The fifth entry in Eliot Pattison’s Bone Rattler series follows the exiled Scotsman Duncan McCallum along a tortuous path that will lead him to the American Revolution.

When a ship arriving from London explodes in Boston Harbor, both the peace of the colonial city and Duncan McCallum’s life are shattered. Summoned by his new friend John Hancock to a beach awash with the bodies of the victims, Duncan discovers that the ship was deliberately sabotaged, apparently to cover the theft by French agents provocateurs of a secret document being carried to the Sons of Liberty. Hancock refuses to let him take his evidence to the authorities, for this is 1768 and relations with the government are so sour that officials are being hanged in effigy.

Fearing that the intrigues of Hancock and the Sons might set the colonies ablaze, Duncan relentlessly pursues the truth, only to be falsely charged with treason and murder. To escape the hangman’s noose and restore his honor, Duncan has no choice but to follow a northbound trail of violence and deception while being relentlessly hounded by bountymen and vengeful soldiers. With the help of unexpected new friends, including Ethan Allen, aged natives, and outlawed Jesuits, he survives scalp hunters, imprisonment, and his own spiritual crisis, only to realize he cannot resolve the terrible crimes until he first understands the emerging truths about freedom in the American colonies.

AUTHOR’S NOTE

The American Revolution is taught to us in terms of well-chronicled battles and committees of Founding Fathers that were launched in April 1775 with what Emerson famously called “the shot heard ’round the world.” Such lessons, however, teach us only about the final stage of the amazing story of the founding of the United States. They neglect the remarkable events and even more remarkable people who shaped the Revolution during the years before muskets echoed on Lexington Green.

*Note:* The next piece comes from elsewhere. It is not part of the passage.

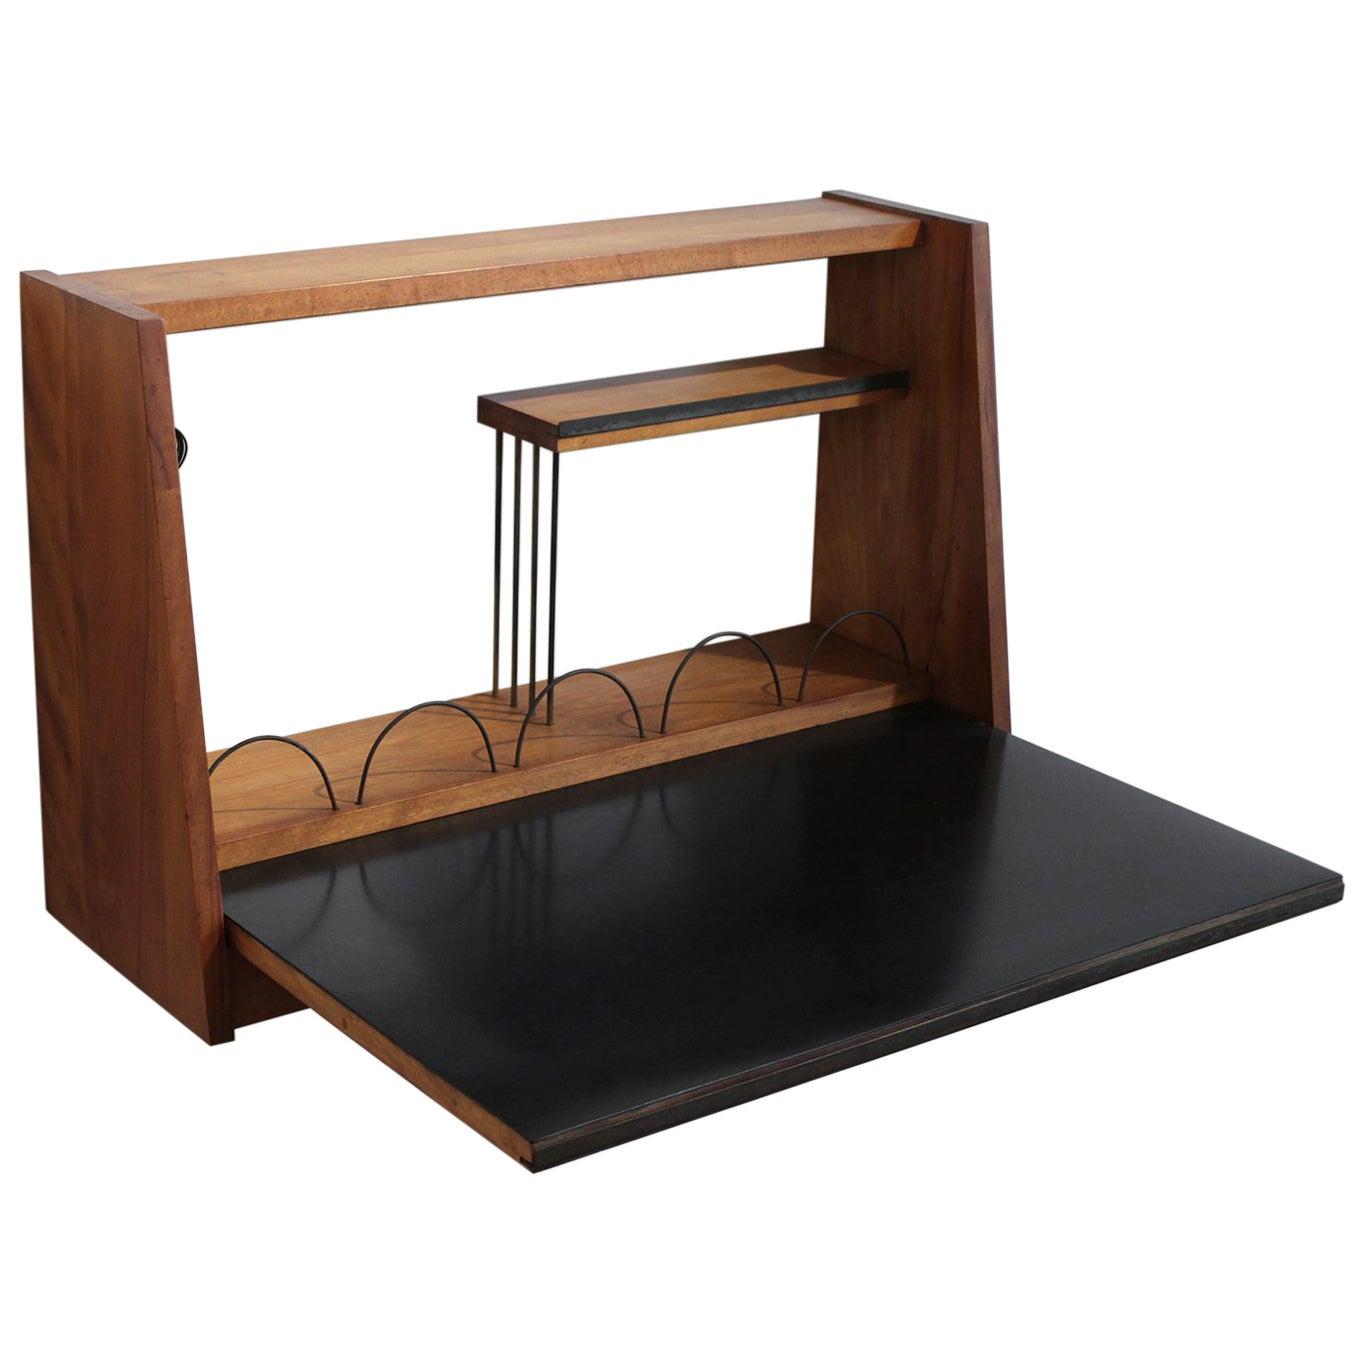 Custom 1950s Wall Mounted Modernist Writing Desk

Savage Liberty opens in 1768, when many of the inhabitants of the American colonies were struggling with what today we would call an identity crisis. They weren’t thinking of themselves as Americans, they were just questioning what it meant to be British when their Parliament refused to treat them as full citizens. They were not seeking revolution, they simply wanted-and expected to be given-the same voice with their government that their counterparts in the British Isles enjoyed. Before they glimpsed revolution, these colonists first had to discover that they were American.

REVIEWS

Voted by Publishers Weekly as “One of the Best Books of 2018”

Voted by CrimeReads “1 of 21 Crime Novels Set During Revolutions and Rebellions”

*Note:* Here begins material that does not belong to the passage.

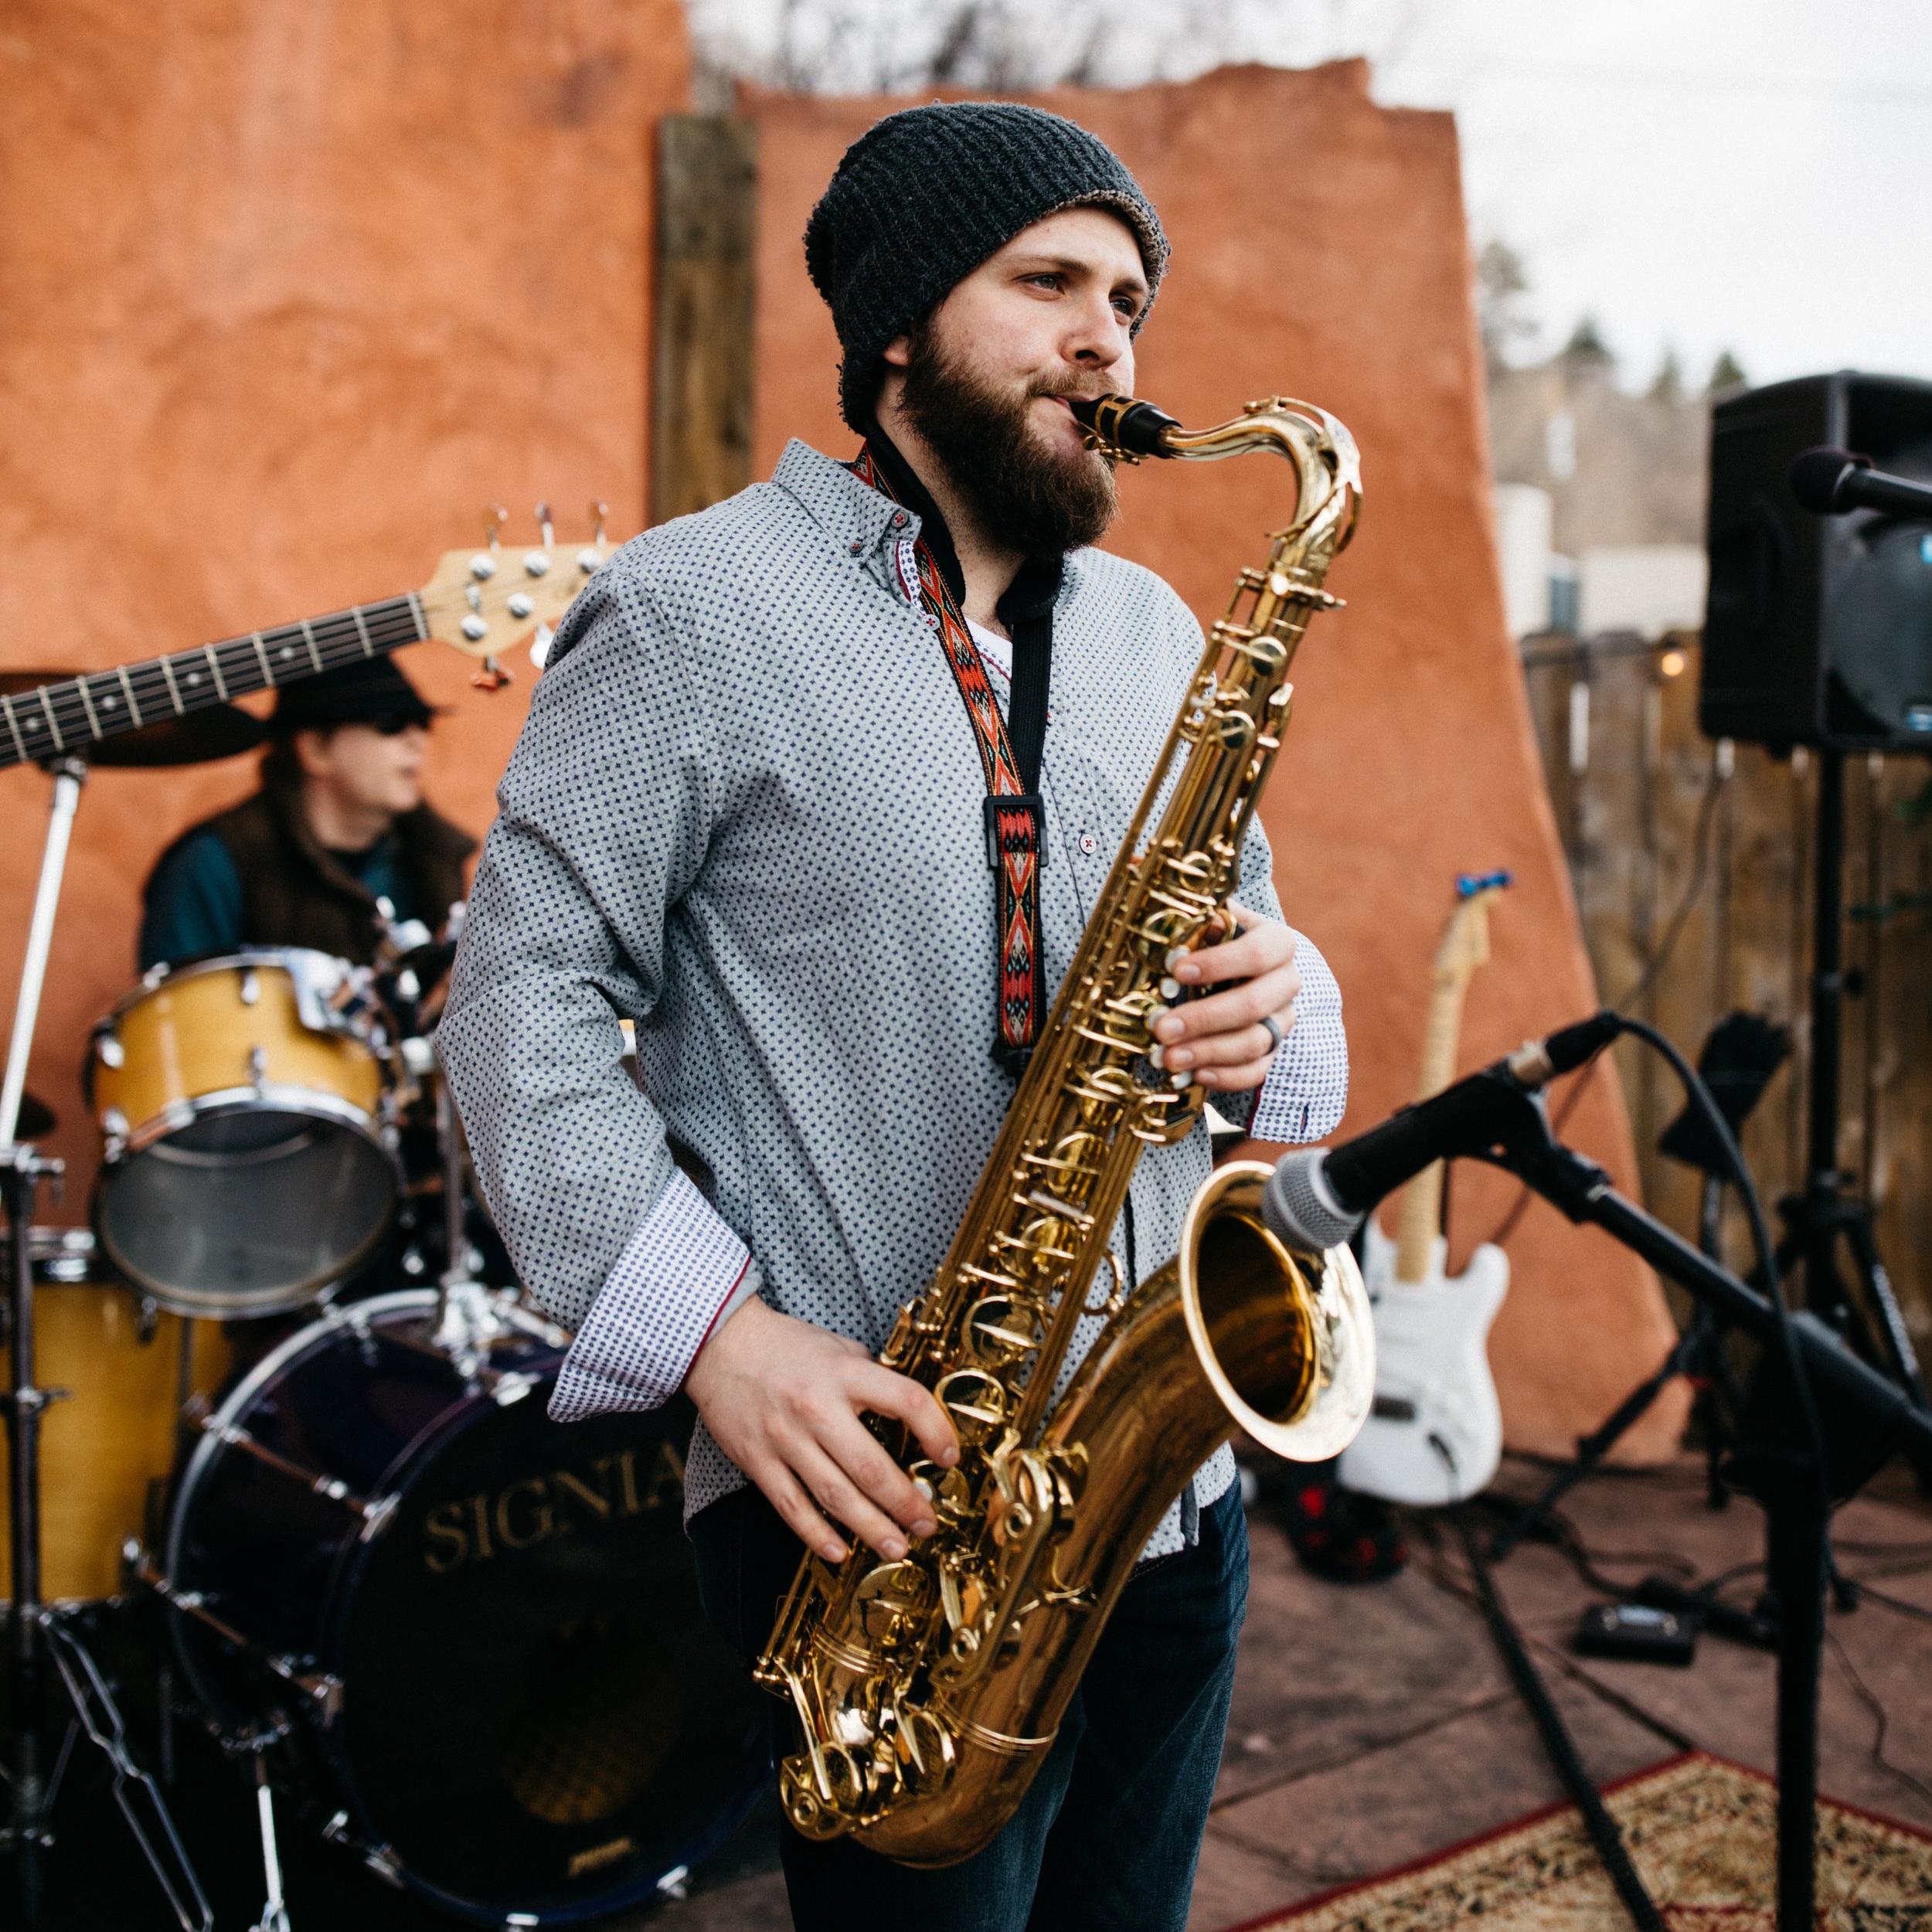 Michael George McCloskey - Saxophones & WebmasterPhoto by Sharee Davenport

“Pattison has few peers when it comes to integrating historical events into a complex but plausible whodunit plot.” —Publishers Weekly (starred and boxed review)

“For those who enjoy politics, history, and hairbreadth escapes swirled together.” —Library Journal

“This fifth entry in Pattison’s Bone Rattler series advances McCallum’s personal life as it exhibits the seamless blend of fiction and history that distinguishes this fine series. A timely reminder, as well, of what liberty meant to our forebears.” —Booklist

“Prepare to be immersed in this story of early America . . . This is historical writing at its best, with plenty of action and suspense. It’s difficult to put down.” –Historical Novel Society

Eliot Pattison

“The best of historical novels allow us to commit our entire spirit to understanding another world that was once our own.”